Differentiating thymoma from thymic cyst in anterior mediastinal abnormalities smaller than 3 cm

Woohyun Jung 1, Sukki Cho 1,2,, Sungwon Yum 1, Young Kyung Lee 1, Kwhanmien Kim 1,2, Sanghoon Jheon 1,2
PMCID: PMC7212157  PMID: 32395273

Abstract

Background

Computed tomography (CT) screening for lung cancer has led to frequent findings of small anterior mediastinal masses. It is very hard to distinguish small thymomas from thymic cysts. The objective of this study was to develop a clinical model for predicting small thymomas (<3 cm) in asymptomatic patients.

Methods

Patients who underwent thymectomy for anterior mediastinal masses between 2004 and 2016 were included. All preoperative CT scans (pre- and post-enhanced) were retrospectively reviewed. Size, location, contour, shape, presence of calcification, and enhancement [Hounsfield units (HU)] were evaluated. A nomogram was built based on the predictive factors.
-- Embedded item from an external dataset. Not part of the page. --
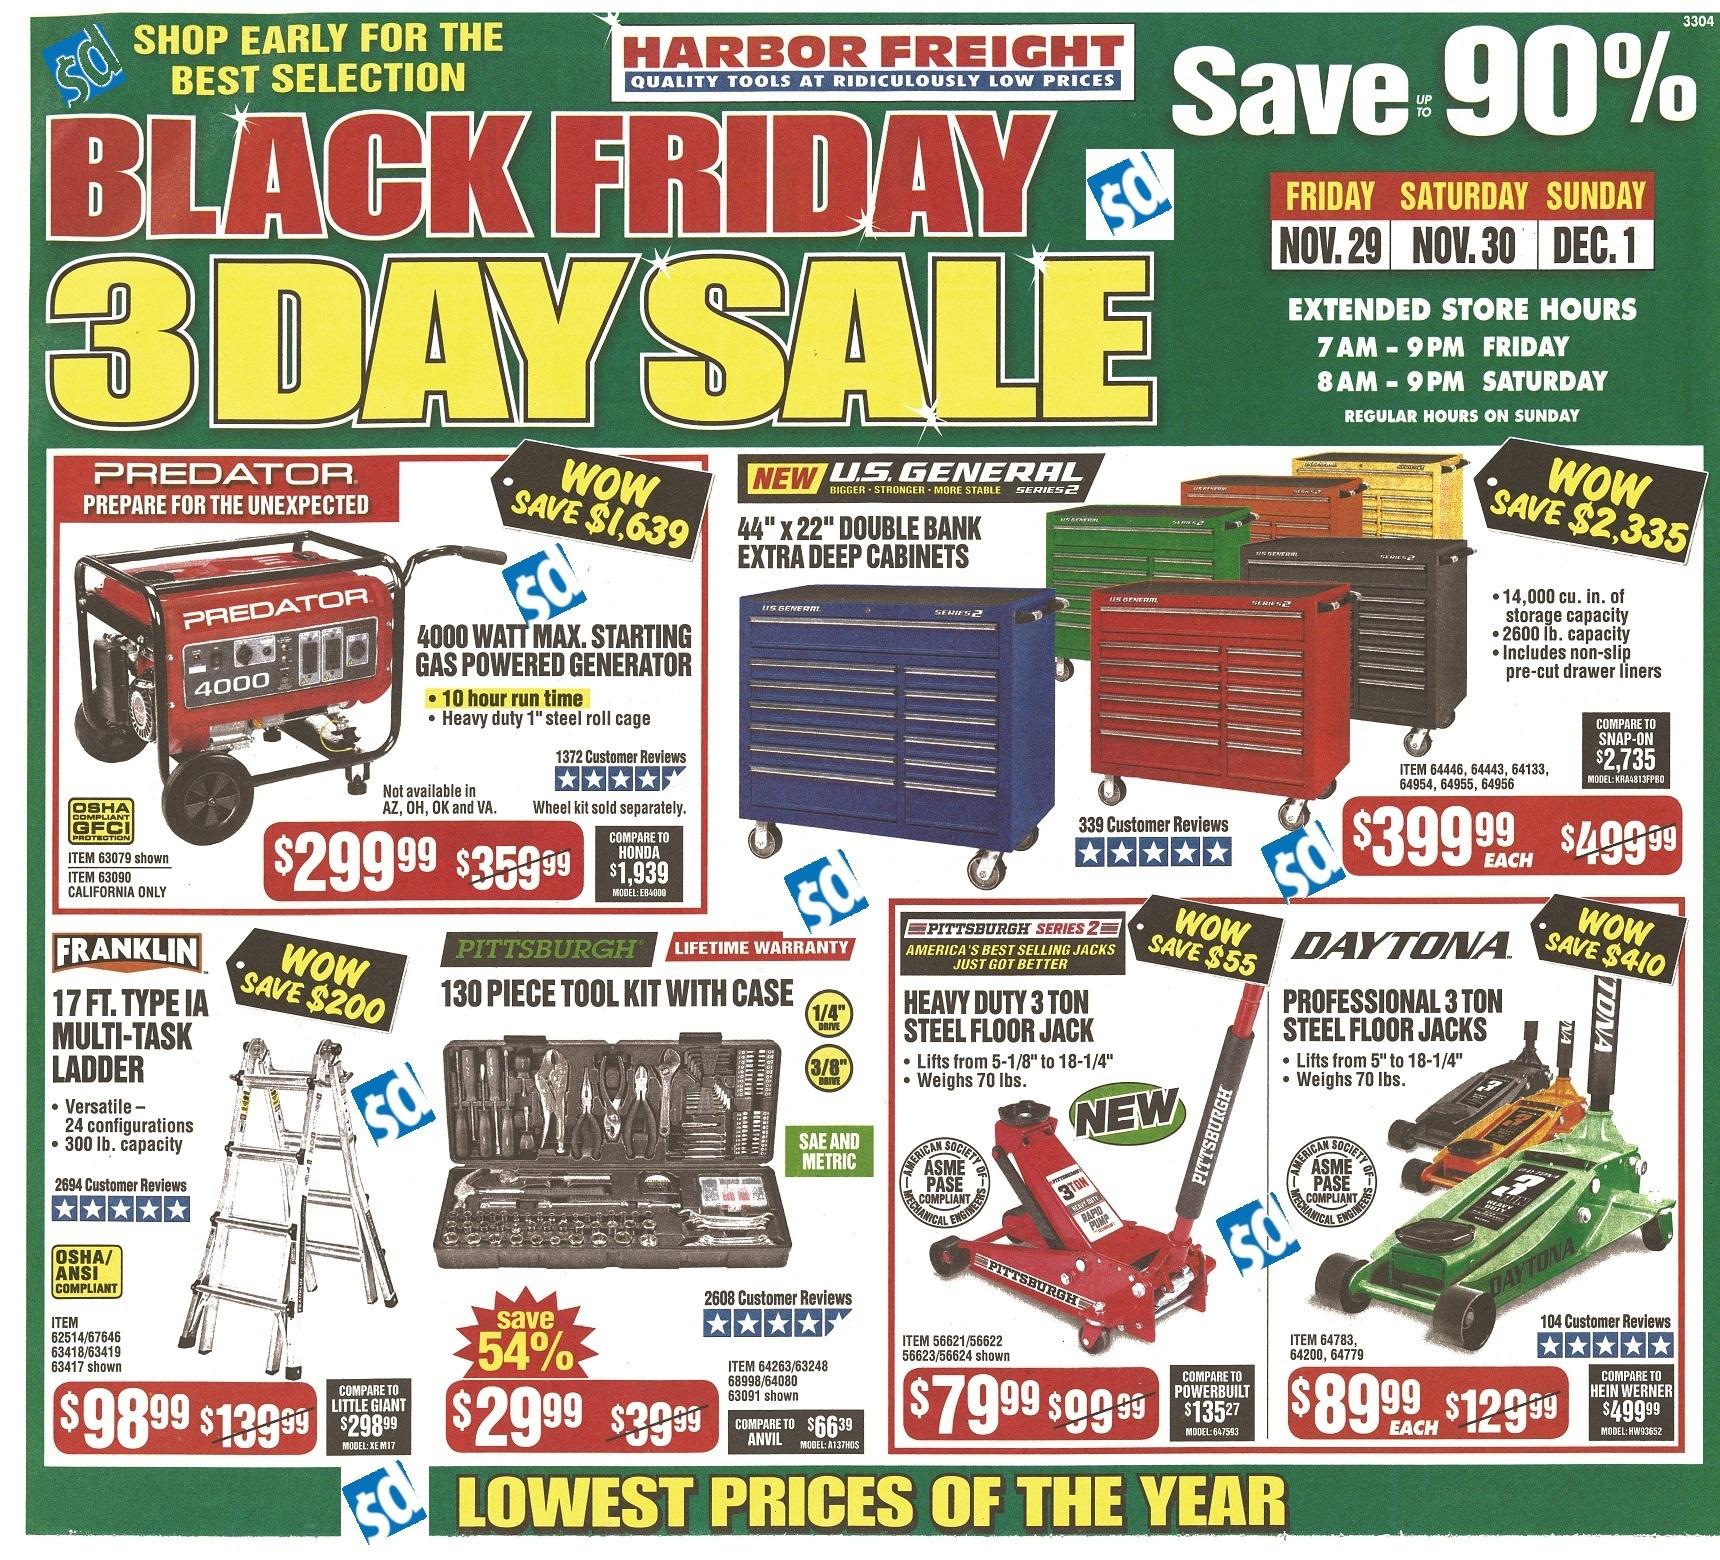 Harbor Freight Tools Black Friday Ad 2019 - Sale Live Now

For external validation, patients undergoing thymectomy in 2017 were enrolled and thymoma prediction was computed using the proposed nomogram.

Results

The study population consisted of 43 patients with thymoma and 57 with thymic cyst. The multivariable analysis identified a lobulated contour and a large difference in HU between post- and pre-enhancement as predictive factors of thymoma. These factors were included in the nomogram, which showed 95% (19/20) power for predicting thymoma after external validation.

Conclusions

This clinical model can be used to predict thymoma in patients with small, asymptomatic thymic abnormalities on CT screening.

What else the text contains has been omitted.